Freedom through Lying

One of the questions we asked about “The Decay of Lying” was: Why did Wilde choose to use the word lying? Vivian found no value in Nature having anything to do with Art, but found that Art’s real aim was to lie. Why was this?

I think this relates to the ongoing conversation we have been having about the aspects of mystery and curiosity that enveloped Wilde. Lying is mysterious. It’s not straight-forward. It piques curiosity. And of course it is fun. 

Lying is something to do. Not only does it prevent boredom, but it contributes to Wilde’s dedication to creation at the hands of the artist. A good lie is personal, it is nurtured and shaped by the teller. And if it is successful, a lie is entertaining. It is the same as a great story.

At first when I read that the aim of Art was lying, it didn’t make sense to me. But, the more I think about what lying really means, the more I see how Wilde loved and appreciated a good lie. My favorite thing about lying that relates to Wilde is that lying can be pointless.
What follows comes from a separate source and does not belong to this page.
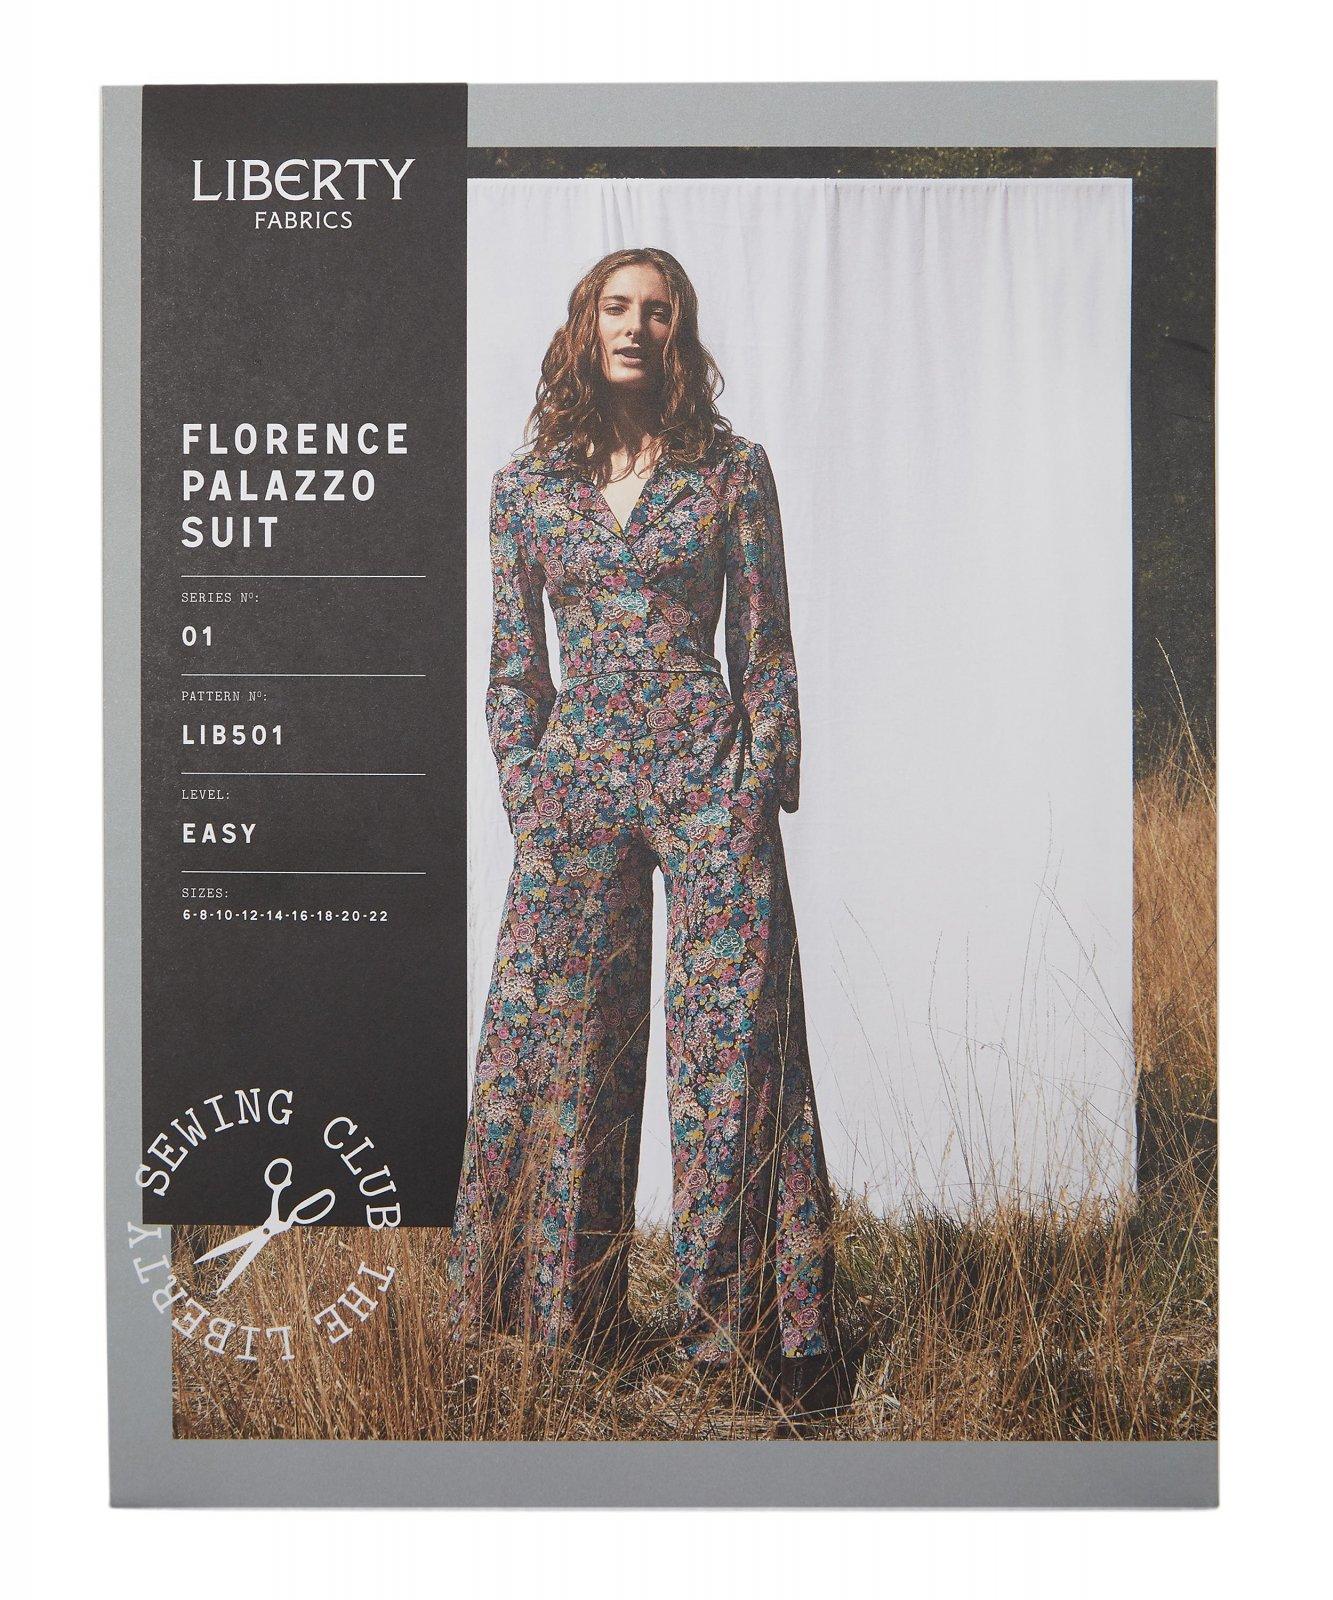 Liberty Fabrics Florence Palazzo Suit

Lying for no reason, only for entertainment, even if just for one’s self. That makes me think of “art for art’s sake.” There is no reason, you simply lie to make something, to create. And like art, it can turn out good or bad. 

I think this also relates to “Lord Arthur Savile’s Crime.” The reason the party was thrown in the first place was out of Lady Windermere’s boredom, and her boredom contributed her to bringing Mr. Podgers as entertainment. His form of entertainment was lying, and he could do it well. The lie he created was so effective that it was the catalyst for the creation of the rest of the entire story. 

It also made me think of the ideas of freedom that we discussed with the imagery of birds in “The Happy Prince.” What if, since Wilde couldn’t be straightforward about his personal identity most of the time, lying was his form of freedom? As we have speculated about in class, I believe that Wilde wore a mask a lot of the time to prevent having to explain things about himself that he didn’t want to. The truth would, and did, take away his literal freedom. So, lying could’ve been a way for him to have the freedom to construct and live in the world the way he wanted to.